> [Records shown]

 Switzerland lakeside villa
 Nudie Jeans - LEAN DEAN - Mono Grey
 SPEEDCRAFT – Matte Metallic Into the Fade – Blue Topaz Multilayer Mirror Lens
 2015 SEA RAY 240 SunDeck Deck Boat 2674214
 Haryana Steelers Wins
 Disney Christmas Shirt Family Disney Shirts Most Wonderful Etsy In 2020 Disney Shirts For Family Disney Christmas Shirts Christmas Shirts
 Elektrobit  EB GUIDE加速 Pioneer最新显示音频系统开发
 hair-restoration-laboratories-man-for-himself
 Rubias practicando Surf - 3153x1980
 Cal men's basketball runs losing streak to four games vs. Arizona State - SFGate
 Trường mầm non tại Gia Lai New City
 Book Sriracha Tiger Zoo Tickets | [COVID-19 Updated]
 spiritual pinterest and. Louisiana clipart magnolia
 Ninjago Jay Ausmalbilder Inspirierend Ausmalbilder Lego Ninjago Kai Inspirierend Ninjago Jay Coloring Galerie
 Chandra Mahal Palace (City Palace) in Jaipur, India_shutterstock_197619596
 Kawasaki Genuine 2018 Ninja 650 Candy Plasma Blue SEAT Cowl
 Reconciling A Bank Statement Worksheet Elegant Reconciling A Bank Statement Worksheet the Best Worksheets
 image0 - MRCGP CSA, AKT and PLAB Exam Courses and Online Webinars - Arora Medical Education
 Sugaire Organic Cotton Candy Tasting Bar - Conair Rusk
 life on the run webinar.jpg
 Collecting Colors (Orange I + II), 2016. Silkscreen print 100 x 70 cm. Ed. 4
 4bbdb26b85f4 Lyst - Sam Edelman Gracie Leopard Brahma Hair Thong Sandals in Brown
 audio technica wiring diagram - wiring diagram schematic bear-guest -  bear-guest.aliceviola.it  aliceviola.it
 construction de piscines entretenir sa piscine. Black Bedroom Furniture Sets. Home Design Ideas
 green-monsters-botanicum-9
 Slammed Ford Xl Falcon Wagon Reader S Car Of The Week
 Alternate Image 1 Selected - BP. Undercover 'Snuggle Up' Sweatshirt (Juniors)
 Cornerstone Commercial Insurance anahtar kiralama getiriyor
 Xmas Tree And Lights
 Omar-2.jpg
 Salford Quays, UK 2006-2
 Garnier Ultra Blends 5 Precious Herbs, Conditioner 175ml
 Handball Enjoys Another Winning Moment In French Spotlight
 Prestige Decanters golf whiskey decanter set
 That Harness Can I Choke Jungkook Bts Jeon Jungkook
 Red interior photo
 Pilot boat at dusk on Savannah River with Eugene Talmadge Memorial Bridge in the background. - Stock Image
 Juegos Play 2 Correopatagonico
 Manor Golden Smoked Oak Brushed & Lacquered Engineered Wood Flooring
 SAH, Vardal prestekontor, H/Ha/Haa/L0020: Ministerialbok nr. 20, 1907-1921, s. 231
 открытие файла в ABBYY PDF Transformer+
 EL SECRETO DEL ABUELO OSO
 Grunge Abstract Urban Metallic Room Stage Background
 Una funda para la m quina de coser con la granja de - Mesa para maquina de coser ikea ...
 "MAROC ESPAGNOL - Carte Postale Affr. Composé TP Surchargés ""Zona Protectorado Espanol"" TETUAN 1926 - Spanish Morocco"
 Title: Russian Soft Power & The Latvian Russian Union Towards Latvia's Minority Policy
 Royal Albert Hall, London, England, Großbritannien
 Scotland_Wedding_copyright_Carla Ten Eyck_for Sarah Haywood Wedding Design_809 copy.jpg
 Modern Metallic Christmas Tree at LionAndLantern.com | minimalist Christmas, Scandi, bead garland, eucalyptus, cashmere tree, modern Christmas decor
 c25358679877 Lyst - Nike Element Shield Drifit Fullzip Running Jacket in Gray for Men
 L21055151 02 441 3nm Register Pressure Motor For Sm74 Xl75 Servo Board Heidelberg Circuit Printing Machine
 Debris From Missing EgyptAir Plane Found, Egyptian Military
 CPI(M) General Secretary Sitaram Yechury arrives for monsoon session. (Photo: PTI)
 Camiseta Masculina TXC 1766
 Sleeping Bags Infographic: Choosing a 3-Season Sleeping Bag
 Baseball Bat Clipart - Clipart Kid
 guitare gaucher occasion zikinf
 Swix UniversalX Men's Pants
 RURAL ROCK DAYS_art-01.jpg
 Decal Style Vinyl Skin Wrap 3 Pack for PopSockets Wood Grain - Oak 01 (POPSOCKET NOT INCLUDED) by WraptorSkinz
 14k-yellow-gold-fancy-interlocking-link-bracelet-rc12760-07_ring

> [Your task] Give back, unchanged, the run of lines in the listing above that begins at the line containing "c25358679877 Lyst - Nike" and ends at the line containing "Camiseta Masculina TXC 1766", both included.

> [Response to the task]
 c25358679877 Lyst - Nike Element Shield Drifit Fullzip Running Jacket in Gray for Men
 L21055151 02 441 3nm Register Pressure Motor For Sm74 Xl75 Servo Board Heidelberg Circuit Printing Machine
 Debris From Missing EgyptAir Plane Found, Egyptian Military
 CPI(M) General Secretary Sitaram Yechury arrives for monsoon session. (Photo: PTI)
 Camiseta Masculina TXC 1766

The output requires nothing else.